= William J. Weaver =

British-American portrait artist (1759-1817)

William Joseph Weaver (1759-1817) was an artist born in London who came to prominence in North America. His portrait of Alexander Hamilton hangs in the United States State Department, and his full-length portrait of Prince Edward, Duke of Kent and Strathearn, hangs in Province House (Nova Scotia), Canada.
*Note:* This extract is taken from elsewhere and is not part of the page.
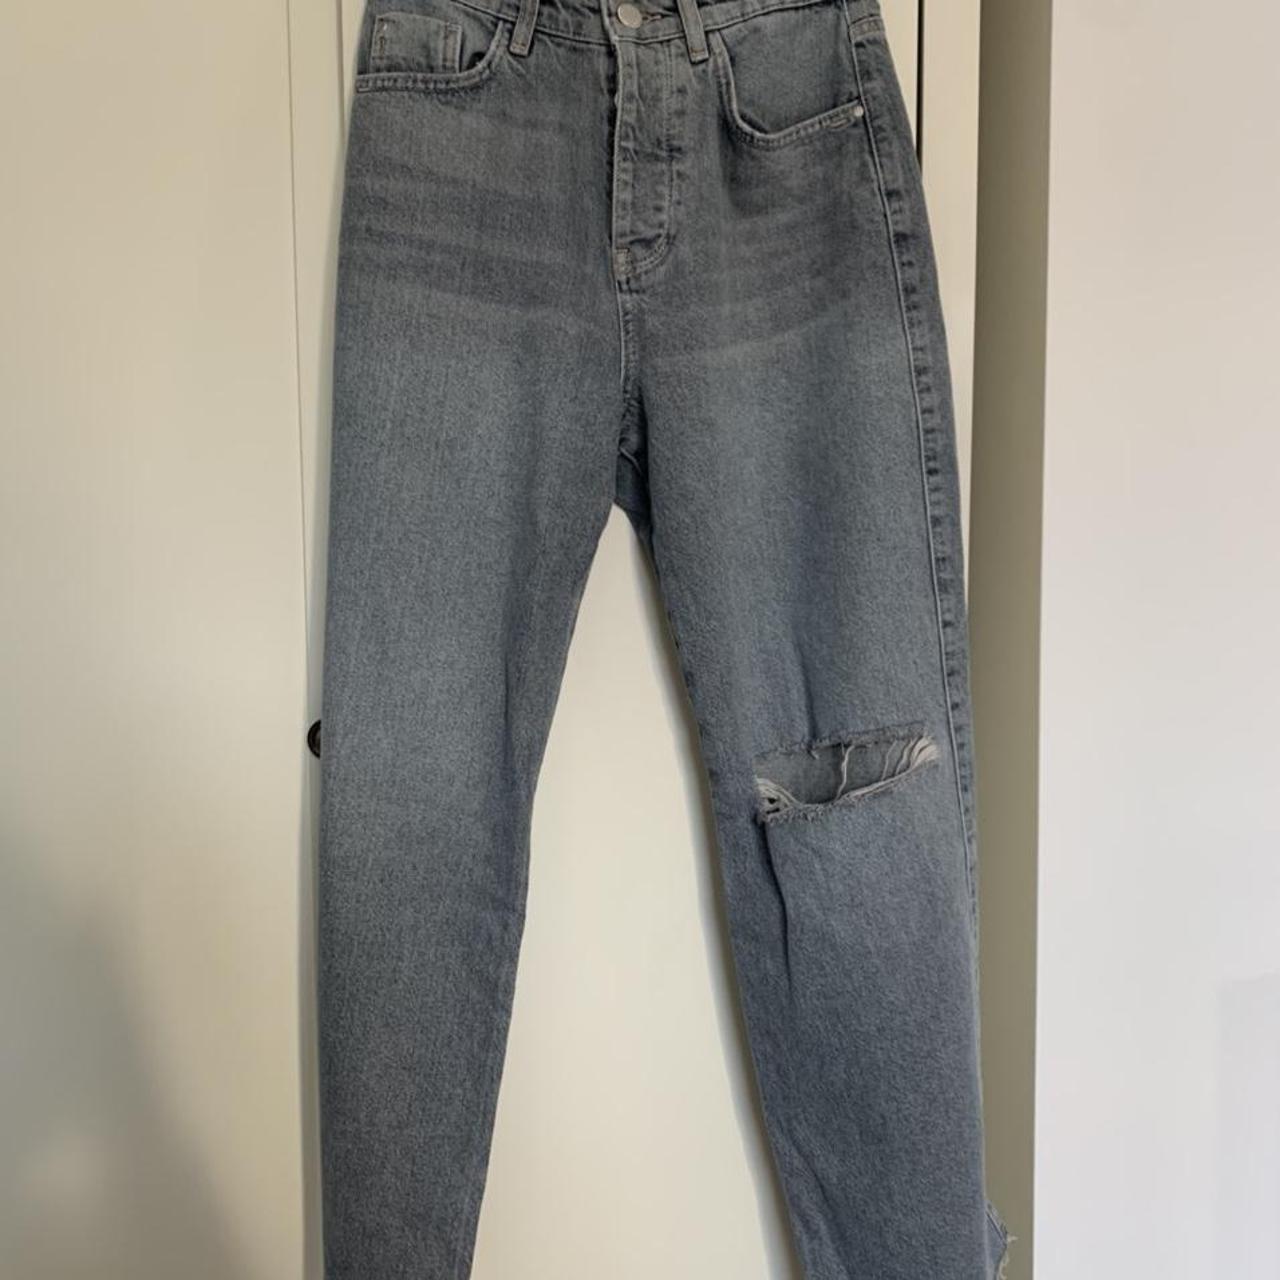 Product Image 4 - Brand new Zara jeans the

He also worked for Joseph Booth's Polygraphic Society.

Former Director and Chief Curator of the Munson-Williams-Proctor Arts Institute Paul Schweizer writes that Weaver's work "convey [s] a chaste elegance that is similar in look and mood to the finest neoclassical portraits made in North America." Weaver's composition reflects a knowledge of British and French military portraiture. He painted portraits and miniatures in many of the principal cities along the Atlantic seaboard from Halifax, Nova Scotia, to Savannah, Georgia. He also produced portraits of Martha and George Washington, though their locations are unknown.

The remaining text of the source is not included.